Trotzdem wurde der Impressionismus nicht einfach nach Russland importiert, sondern erfuhr eine – inhaltliche – Neuakzentuierung. Während die französischen Maler zu Chronisten des modernen Großstadtlebens wurden, hielt man sich in Russland vermehrt an Stillleben, Interieurs, die russische Landschaft sowie ländliche Genreszenen, die den Müßiggang der Moskauer und St. Petersburger Upperclass auf ihren Landsitzen zeigen.
Szenen des städtischen Lebens finden sich bei den russischen Impressionisten nur dann, wenn auch sie die Pariser Cafés und Boulevards zu ihrem Motiv machten. Bestes Beispiel dafür ist Konstantin Korowins Zyklus Pariser Lichter, den der bedeutende Vertreter des russischen Impressionismus in der ersten Dekade des 20. Jahrhunderts in Frankreich schuf.
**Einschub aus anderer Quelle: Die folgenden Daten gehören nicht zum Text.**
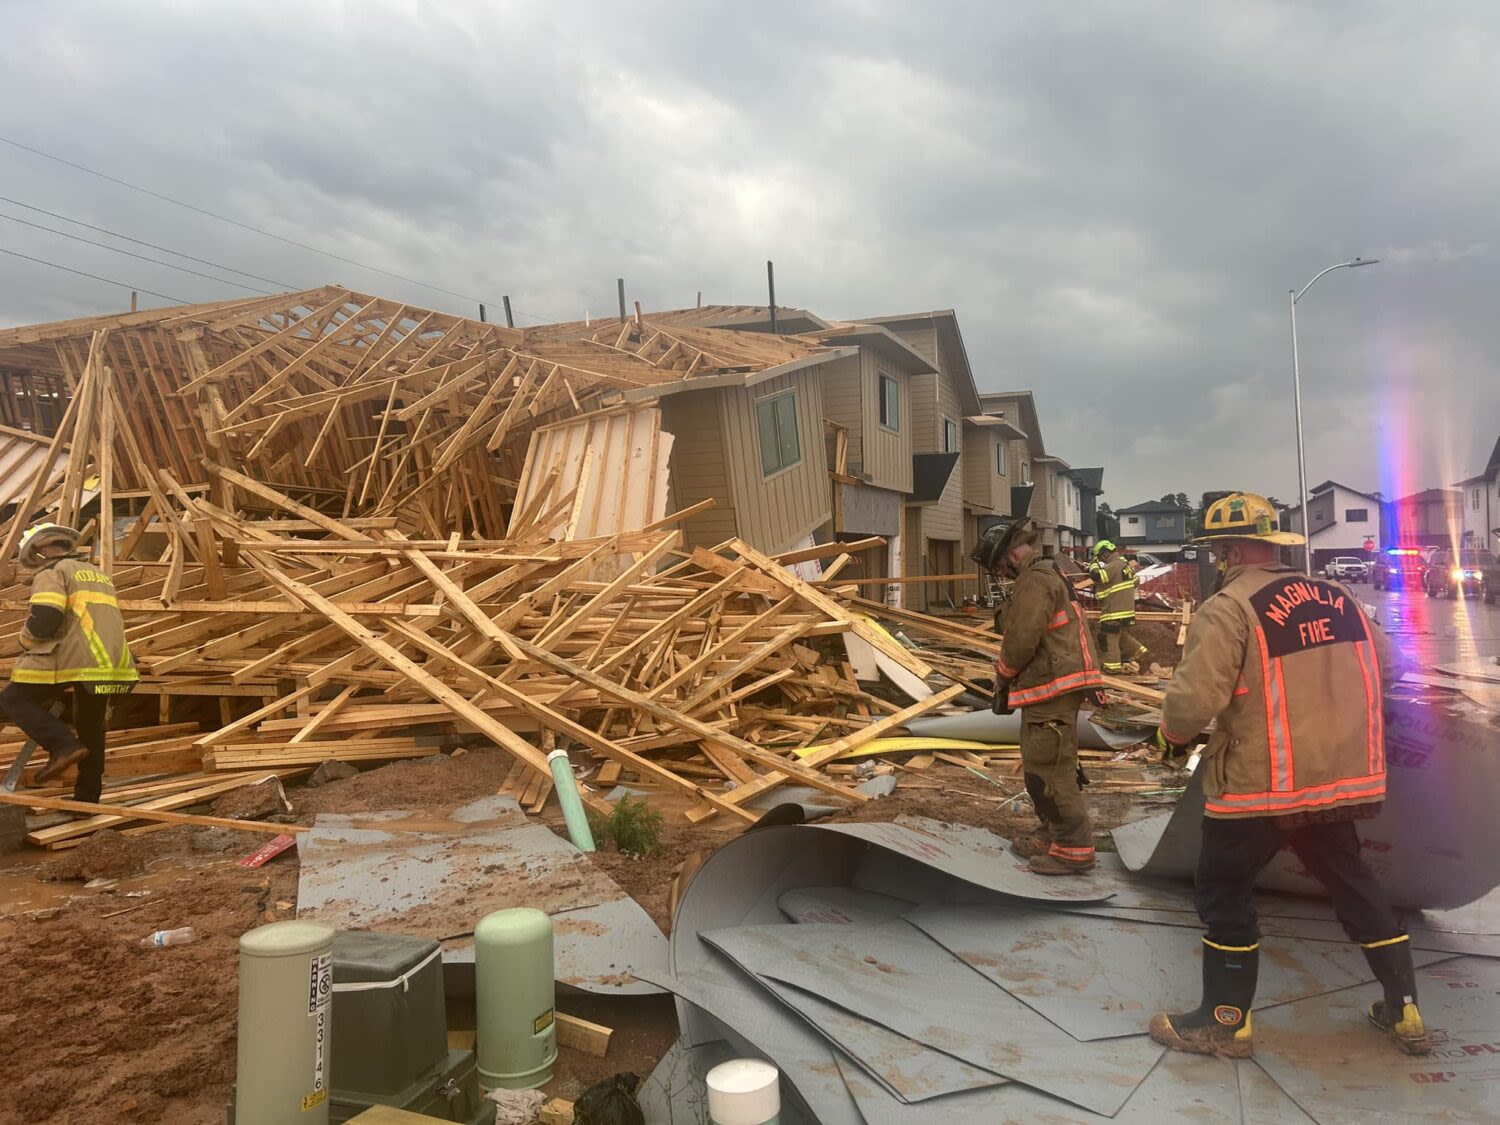 Houston storms: One dead after houses under construction collapse Tuesday | Houston Public Media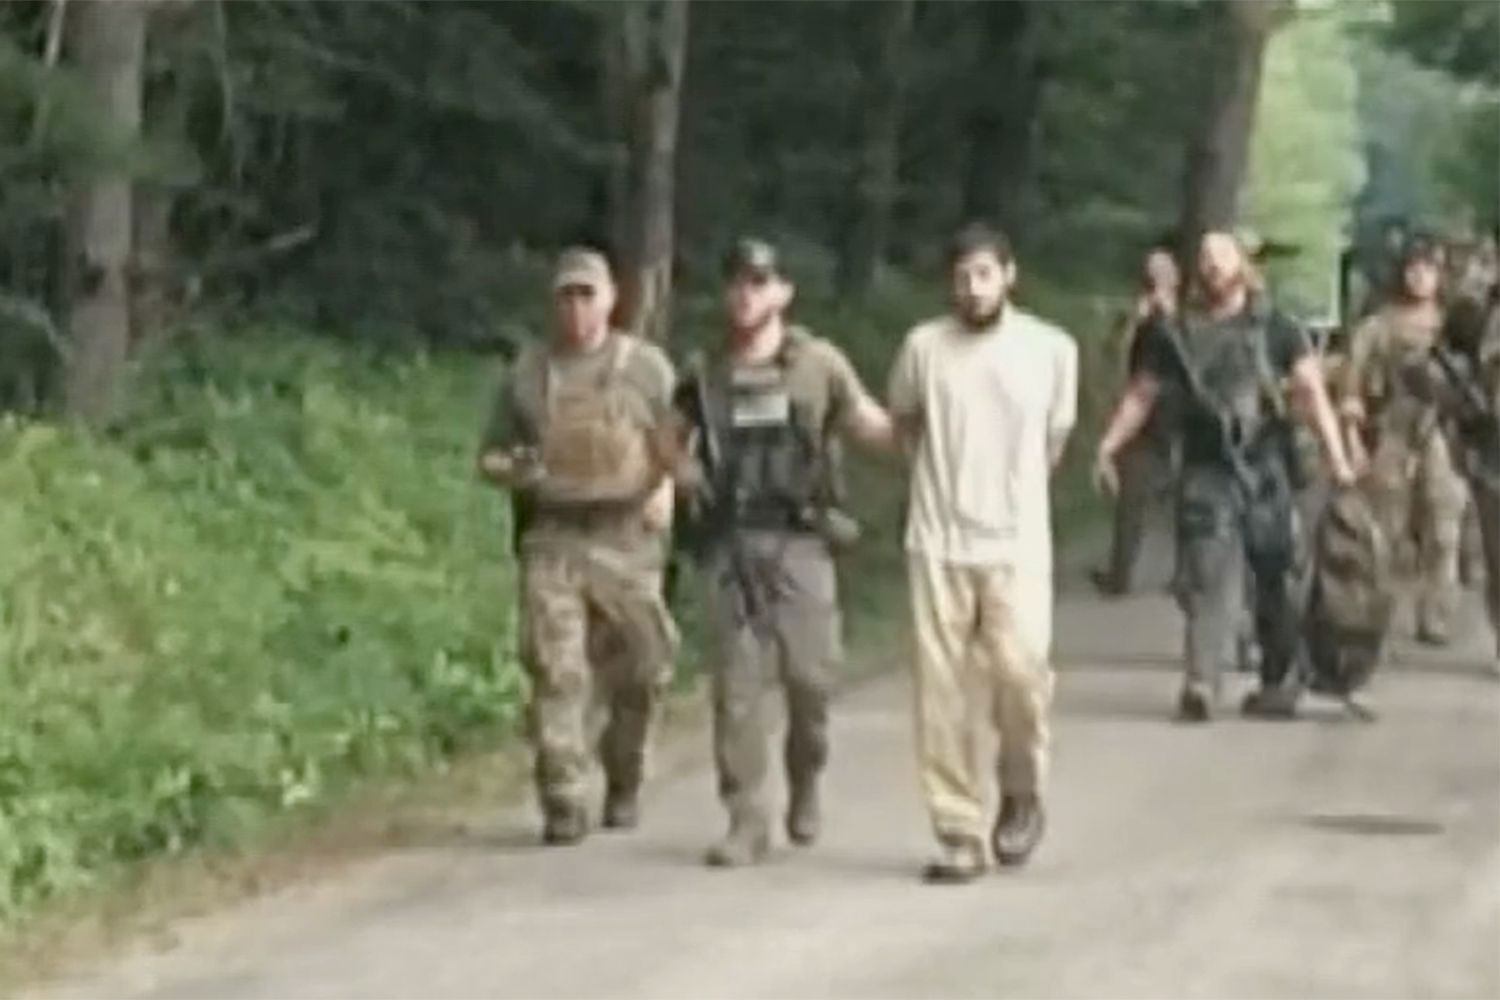 Police Capture Escaped Prison Inmate Who Was On The Run For Over A Week In Pennsylvania

Malewitschs „missing link“
Korowins Paris-Bilder entstanden in einer Zeit, in der sich in Russland immer deutlicher eine neue Garde in der Kunst formierte. Doch auch die kommenden Avantgardisten wie Michail Larionow durchliefen zunächst eine impressionistische Phase, die ihnen den befreiten Umgang mit den malerischen Mitteln eröffnete. Und sogar Kasimir Malewitsch, der Spiritus rector des gegenstandslosen Suprematismus kam nicht ohne den Impressionismus aus. So rekonstruierte er Ende der 1920er Jahre selbst das „missing link“1 in seiner künstlerischen Evolution, indem er die dann entstandenen, impressionistisch anmutenden Landschaftsdarstellungen kurzerhand auf 1903/04 vordatierte.
In der Forschung stiefmütterlich behandelt
In der kunsthistorischen Forschung der Sowjetunion wurde der russische Impressionismus stiefmütterlich behandelt, da dessen – vermeintlich – sorgenfrei-heitere und vom subjektiven Empfinden geprägte Grundhaltung als dekadent verfemt wurde.
Doch auch in der Staatskunst, dem Sozialistischen Realismus, lässt sich das Nachwirken des Impressionismus spüren, etwa bei Juri Pimenows Gemälde Neues Moskau (1937, Staatliche Tretjakow Galerie, Moskau), das mit dem städtischen Sujet, dem schnappschusshaften Bildausschnitt, der hellen Palette und dem spontanen Pinselstrich dem Impressionismus verpflichtet bleibt.